Несколько дней прошли не знаю как: бешенство и жажда мести до того поглощали меня, что я был глух и слеп ко всему окружающему. Энох возвратился и, по-видимому, был чем-то очень занят и озабочен. Но я думал только об одном: неужели наука бессильна? Если нет, то она должна доставить мне новые орудия для достижения моей цели.

Однажды вечером, мрачный и унылый, я лежал у себя в комнате, как вдруг кто-то сильно потряс меня за плечо.

— Опомнись, Пинехас, и вставай, — произнес голос Эноха. — Как можно предаваться такому бездействию? Пойдем, я хочу представить тебя одному гениальному человеку, который, может быть, составит твое счастье.

Я машинально встал и последовал за ним.

Мы молча прошли сад и многочисленные улицы города; стеснение в груди мешало мне говорить. По выходе из городских ворот нас ждала колесница, мы сели в нее, и Энох погнал лошадей. Быстрая езда принесла мне пользу: вечерний ветер освежил мою пылавшую голову, но сердце продолжало болезненно биться. Я никак не мог свыкнуться с мыслью, что все мои планы уничтожены и Смарагда для меня навсегда потеряна.

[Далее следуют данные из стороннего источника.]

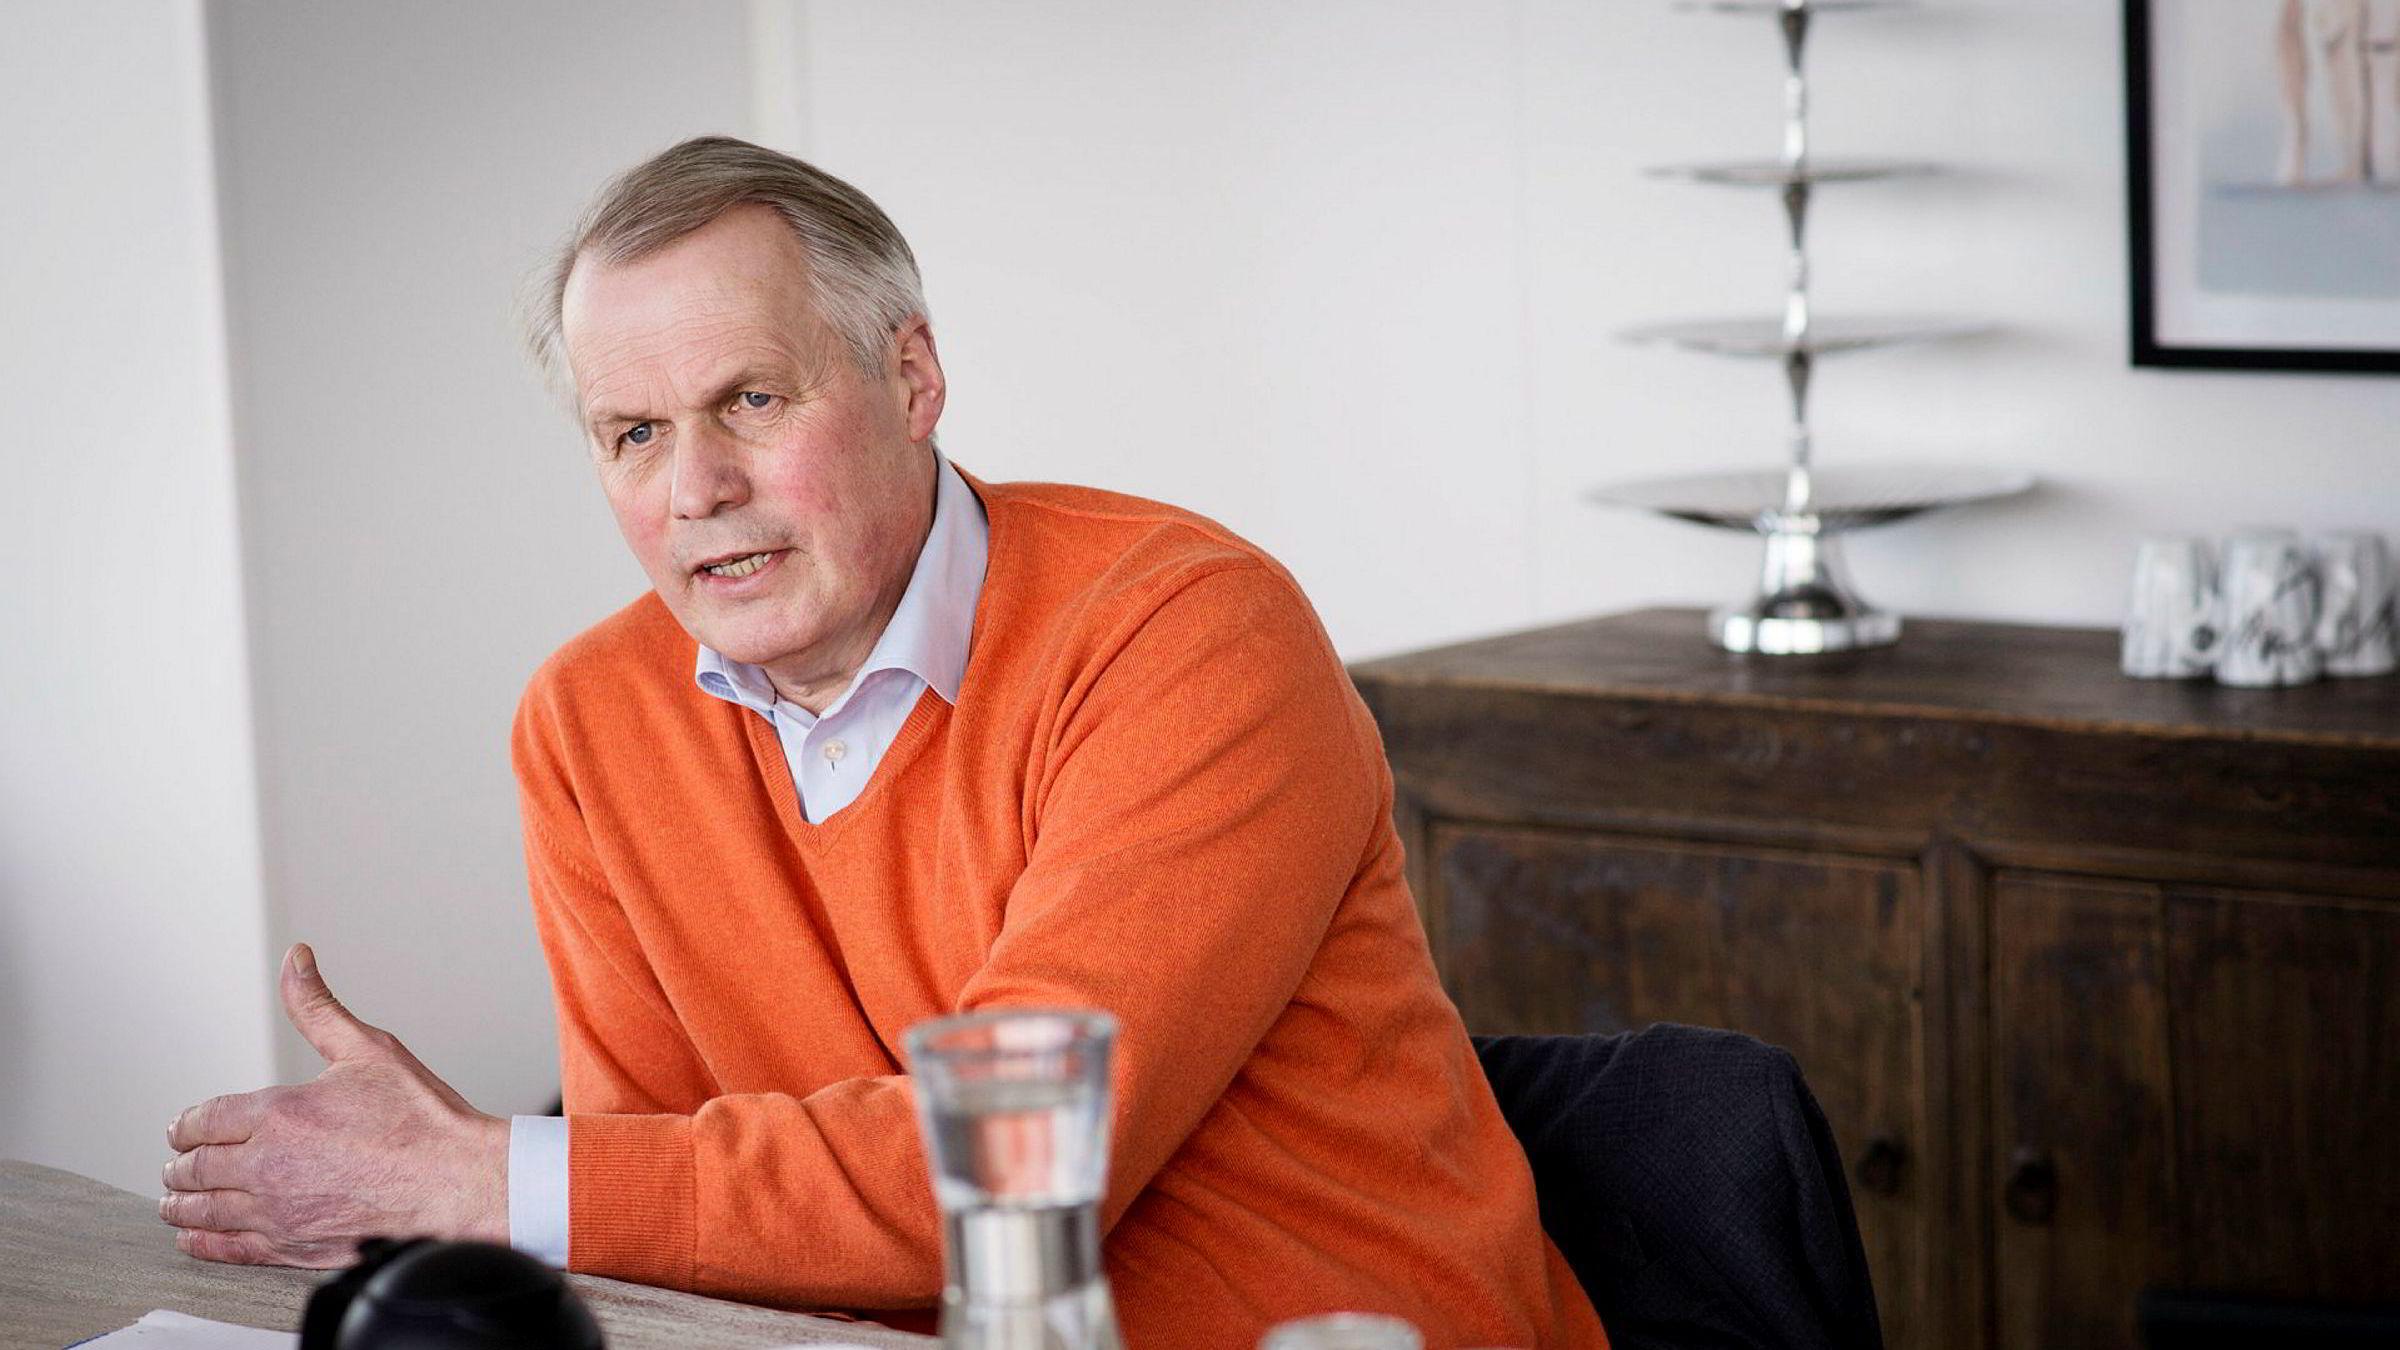 Resultatet i segment Nord-Norge er imidlertid meget svakt, sier Salmar-sjef Gustav Witzøe.

Мы остановились у загородного дома Эноха. Невольник принял от нас экипаж и лошадей, а мы вошли в дом. Спутник мой исчез, и я остался один в большой зале, где в первый раз встретился с Аменофисом. Там были приготовлены на столе блюда с жарким, фруктами и сладкими пирожками. Я прошел залу не останавливаясь, поднялся на плоскую кровлю и, облокотившись на перила, стал любоваться чудным видом, который расстилался внизу.

Дача Эноха была построена на холме, и с этой высоты обширный город был виден как на ладони, со всеми своими дворцами, храмами, укреплениями и массивными воротами. Освещенные лунным светом, тихо и величественно катились воды Нила, отражая на своей зеркальной поверхности группы пальм с их густолиственными вершинами, здания, возведенные на берегах, а в самой дали — колоссальный силуэт массивных построек храма Изиды.